Two years later, I launched YourThurrock.Com. As I wanted to film a lot of my news, one of the first films I made was an interview with John. Again, we went into the story of a settled family life, working at Fords that was ripped apart by alcoholism.

Over the next few years, if I was passing, I would film little pieces with John. Why? well the camera loved him and he was funny.

There were also films where a number of valid points were made. The one below, although laced with humour, makes a number of points on homelessness.

Yes, I was conscious that there might be a line that could be crossed and some could (and did) say it was exploiting an alcoholic.

I was also aware that he did have a dark side that saw him habitually fall foul of the law.

But the films proved very popular. One from 2009 called Summertime Booze has over 16,000 views on youtube. John started to find he would be walking down the streets of Grays and people would shout “John, legend, saw you on youtube!” He was starting to feel like the Rhinestone Cowboy, “Getting cards and letters from people I don’t even know”.
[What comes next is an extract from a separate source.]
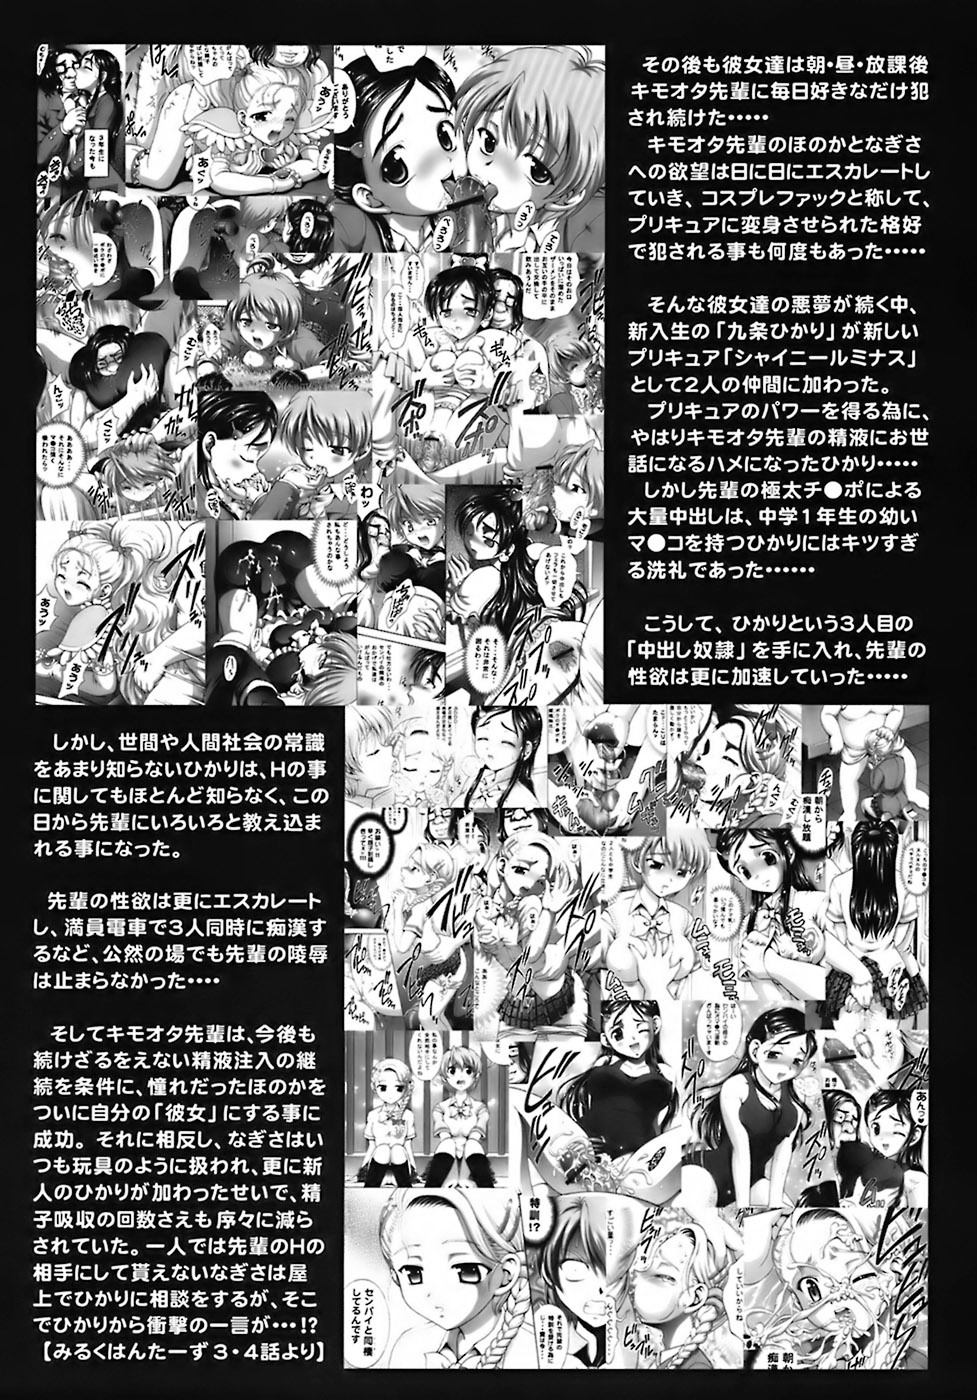 Milk Hunters 6 futari wa pretty cure 7 hentai manga

But as YourThurrock came more popular and we settled into a more traditional form, we left the Tattoo John films behind.

Our final film was in February 2015. It now seemed appropriate that one of the last questions I asked him was: “Where did you get your first tattoo?” John explained that it was in August 1977 after Elvis died and if you see the film, his answer to the next question illustrates his quick fire humour.

There was something about the order in John’s life. In interviews, he will describe how he starts most days from his one room in Purfleet, gets the early train, goes to the Baptist church etc…and then the drink. And yes, we realise there may be a massive contradiction in writing about anti-social behaviour in Grays on one hand and then paying tribute to John on the other.

As there is now a criminal investigation, we are, by law, limited to what we can say and on this occasion, we will say farewell to John Hicks.

When I was a child, my father ran a pub called the Brazen Head in Paddington. My father used to point to guys who had fallen on hard times and lecture me not to judge them. In later life, I came to know more. The names of Alexander Heggie or Alastair MacIntosh Blades may mean nothing to you but they told similar stories to John.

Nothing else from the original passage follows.